4. Si dirà che si è insistito troppo sulla disciplina della circolazione che non è oggi il problema di fondo. Il perché è stato già detto: se tante sono le violazioni per interessi di minore rilievo, non ci si può aspettare che le norme siano osservate quando in gioco sono interessi di ordine superiore.

Non era difficile prevedere quello che sarebbe successo con i superbonus edilizi. Che i primi interventi sarebbero stati sugli immobili di pregio, non poteva essere una sorpresa: le maggiori risorse dei singoli proprietari o dei condomini avrebbero abbreviato i tempi. Non solo prevedibili, ma certe, sarebbero state le truffe, dati i precedenti. Tenuto conto dei costi per lo Stato, si sarebbero dovuti predisporre controlli, non solo formali, che avessero garantito la effettiva esecuzione delle opere prima di ammettere al beneficio.

Si è messa in dubbio la legittimità della norma, che ha rimodulato la detraibilità, per il suo effetto retroattivo. Sarebbe stata quanto meno opportuna una motivazione fondata sul confronto degli interessi coinvolti. La normativa era stata varata sulla base di previsioni, non su fatti accertati, previsioni che sono risultate di molto inferiori alla realtà, tali da incidere sulla stabilità del bilancio. Non si è intervenuti, dunque, sulla stessa situazione presa in considerazione dalla norma originaria, ma su sviluppi di fatto diversi che, se noti, avrebbero comportato sin dall’origine una disciplina diversa. Non è stato, dunque, un ripensamento sulla disciplina, ma una presa d’atto che la situazione reale era ben diversa da quella prevista inizialmente. Quando si provvede per una situazione in via di sviluppo, che poi viene ad emergere in dimensioni diverse da quelle previste, se si vuole ancora parlare di retroattività, andrebbe intesa in senso diverso da quello tradizionale.

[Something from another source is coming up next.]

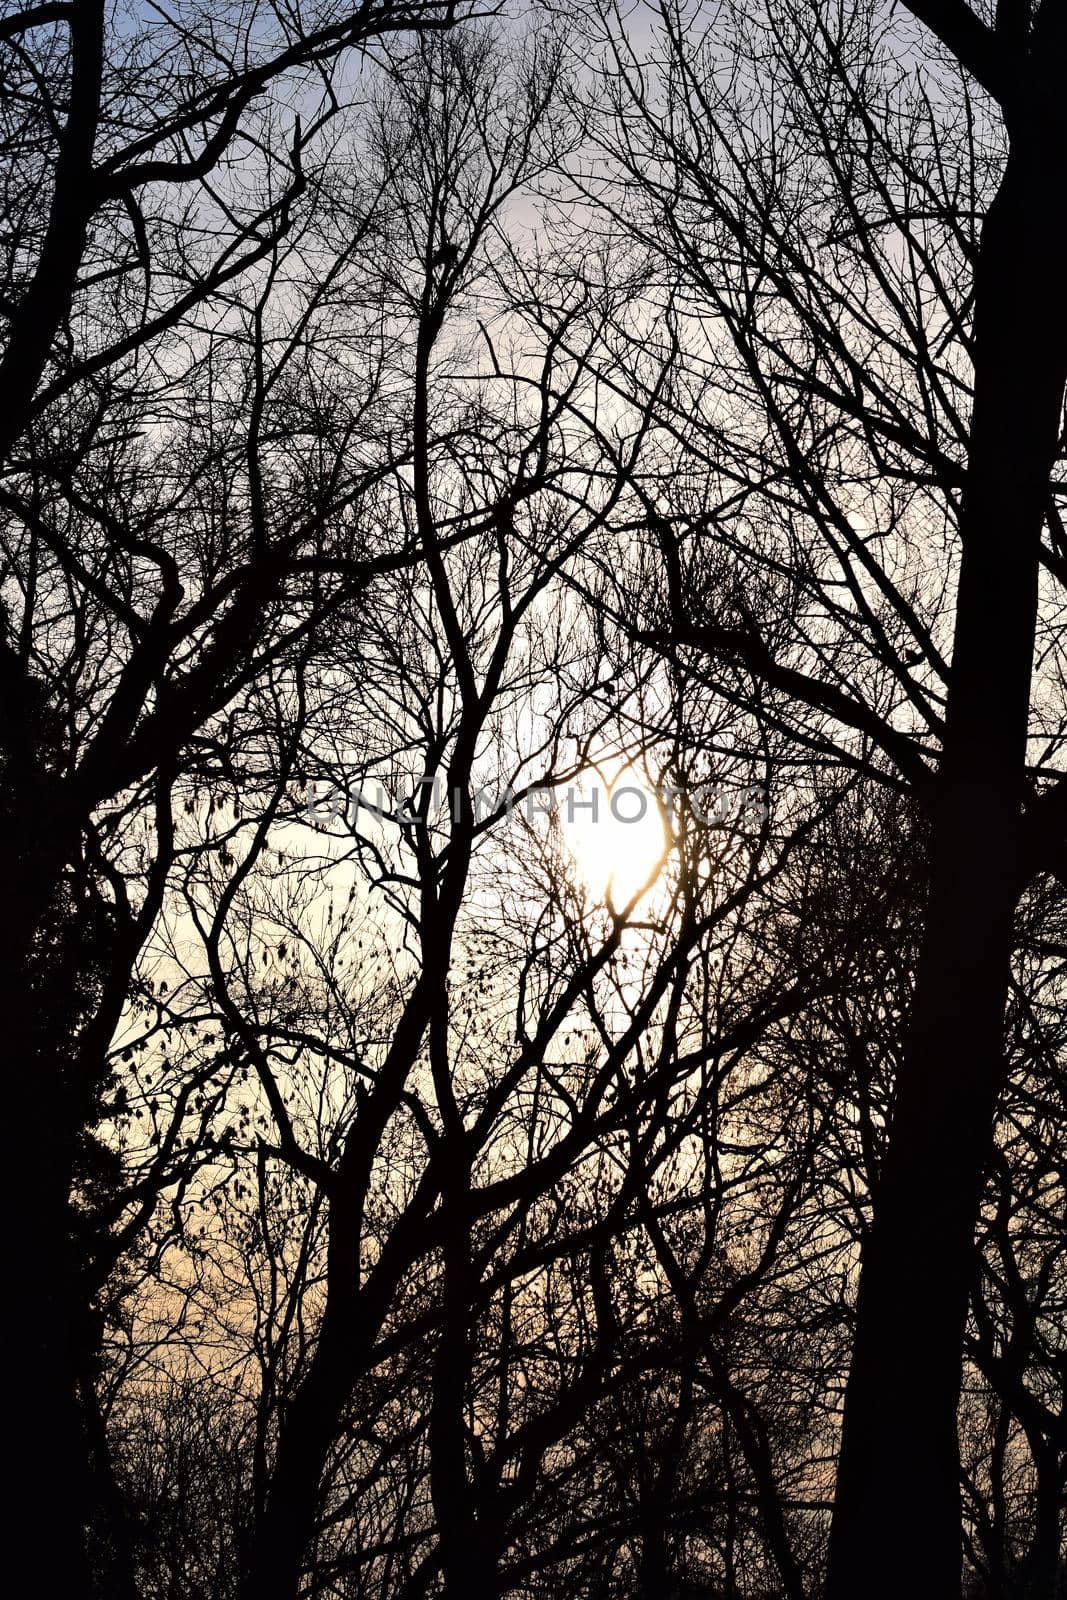 Trees and bushes in winter backlit by a sunset by Luise123

5. Ormai è diffuso l’interesse a prospettare certe questioni in termini che facciano presa sull’opinione pubblica non informata. Le concessioni balneari ne sono un esempio. La questione viene posta in termini di diritto comunitario, fidando forse sulla diffidenza di una parte dell’opinione pubblica verso l’Unione Europea. Si elude una prima domanda: se il regime di quelle concessioni sia conforme al diritto nazionale. Le spiagge sono beni demaniali e, secondo l’art.823 c c., non possono formare oggetto di diritti di terzi se non nei modi e nei limiti fissati dalle leggi che li riguardano. È compatibile con questa natura che la loro utilizzazione sia consentita per tempi molto lunghi agli stessi soggetti, escludendo qualsiasi altro concorrente? Finora è stato così, ma non è detto che solo per questo sia conforme alla Costituzione.

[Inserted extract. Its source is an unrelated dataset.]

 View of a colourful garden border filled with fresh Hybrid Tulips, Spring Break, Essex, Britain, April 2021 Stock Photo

A proposito della Costituzione sarebbe il caso di soffermarsi su alcune situazioni, quanto meno anomale. Su alcune nemmeno si discute perché la loro durata ne dimostrerebbe la legittimità; non viene preso in considerazione che la loro durata potrebbe essere motivata dal fatto che, per la natura incidentale della questione di costituzionalità, il singolo non si trova in condizione di proporre un giudizio a tutela di una sua posizione giuridica. Su quelle che insorgono quando vengono proposte modifiche rilevanti, quasi mai si parte dalle discussioni in Assemblea Costituente, quando fu elaborata la norma da modificare.

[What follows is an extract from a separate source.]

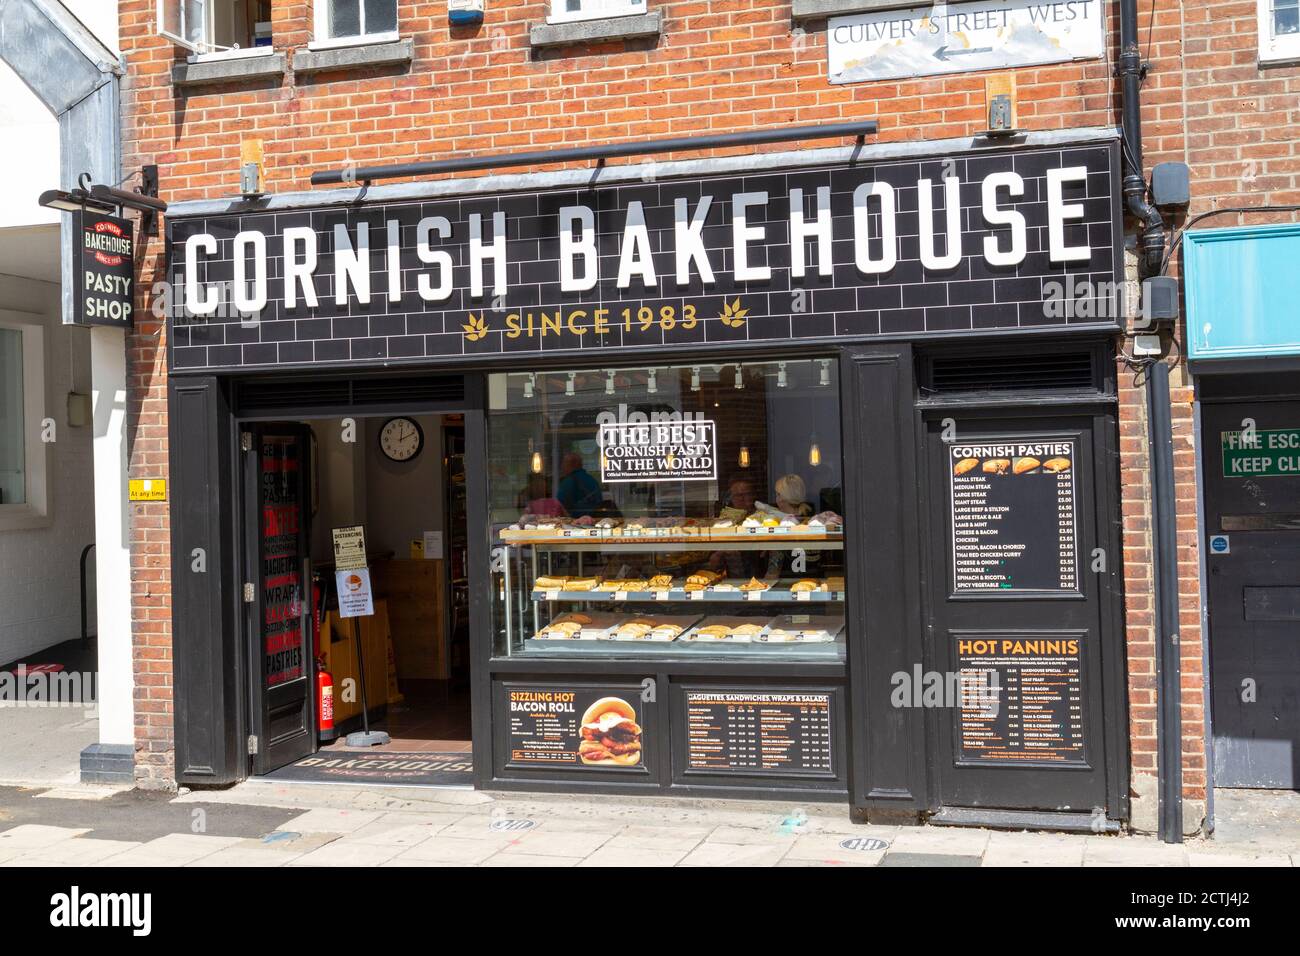 The Cornish Bakehouse on Culver St West in Colchester, Essex, UK. Foto Stock

Certi fenomeni, che si stanno verificando in altri settori, apparentemente di poco significato, non dovrebbero essere trascurati. Alcuni temini vedono modificato il loro significato che hanno avuto nell’uso tradizionale. Oggi gli eventi di natura più diversa “raccontano”; tutto avviene “in qualche modo”; “assolutamente” qualifica ogni affermazione o negazione; alle “virgolette” è stato tolto il livello della scrittura e sono introdotte nel discorso parlato, dimostrando così che si è persa la nozione del senso traslato. Non potrebbero essere il segno di una tendenza verso una ulteriore omogeneizzazione acritica del pensiero?